Adjunctive atrial fibrillation therapy with off-pump coronary artery bypass grafting: standard of care?

Innovations (Phila). 2006 Summer;1(4):146-50. doi: 10.1097/01243895-200600140-00003.

Abstract

Objectives: : To validate the safety and applicability of a previously unreported innovative technique: bipolar epicardial radiofrequency pulmonary vein ablation for the treatment of atrial fibrillation (AF) in conjunction with off-pump coronary artery bypass surgery.

Methods: : After the completion of off-pump coronary artery bypass grafting (OPCAB) via sternotomy, patients underwent epicardial pulmonary vein ablation using a bipolar radiofrequency clamp placed on the left atrial cuff. The left atrial appendage was removed or excluded in all patients.
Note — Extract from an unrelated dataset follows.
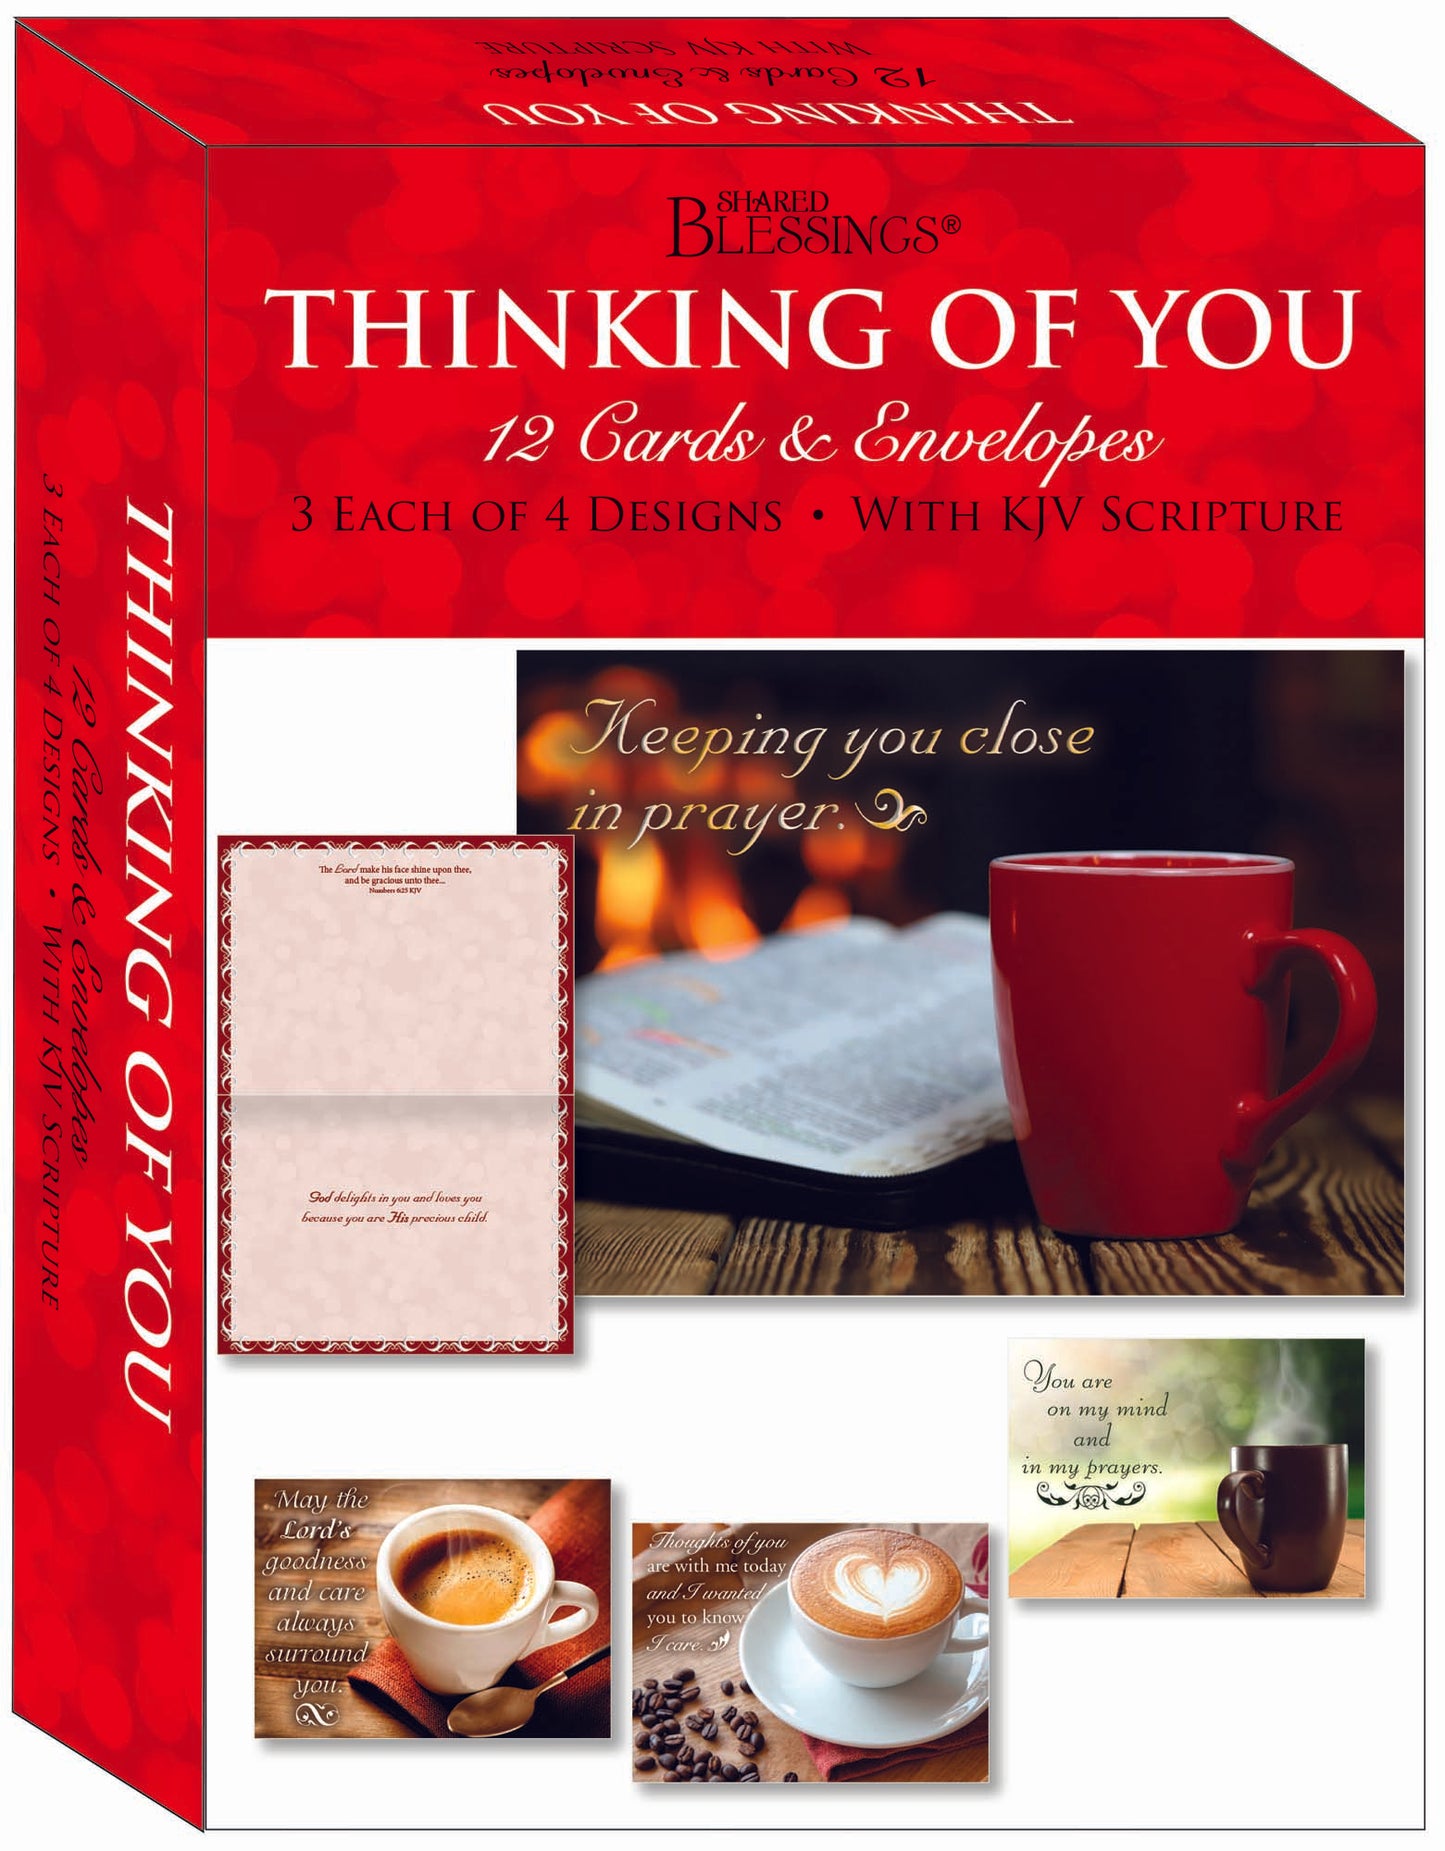 Thinking of You - Blessed Thoughts - Assorted Thinking of You Cards

Results: : Fifteen patients (aged 59-81 years) were treated and reviewed. An average of 2.8 ± 1 grafts were performed per patient; all patients received left internal mammary artery grafts. All sets of pulmonary veins were encircled successfully and ablated. Four patients had additional lesions placed. No patient had pulmonary vein injury. There were no reoperations for bleeding and no mortality. Preoperatively, AF was continuous in 4 patients and intermittent in 11; 10 patients were taking Coumadin preoperatively and 11 were taking antiarrhythmic drugs (AAD). At the follow-up evaluation (7.6 ± 4.4 months; range 1-16 months), 12 patients (80%) are in sinus rhythm (100% in the intermittent AF group, 25% in the continuous AF group); Coumadin has been discontinued in 5 of 10 patients (50% reduction) and AAD have been discontinued in 7 of 11 patients (74% reduction).

Conclusions: : Bipolar radiofrequency epicardial pulmonary vein ablation can be safely and reproducibly used for the treatment of AF in conjunction with OPCAB. Patients with intermittent AF should be strongly considered for adjunctive treatment at the time of OPCAB.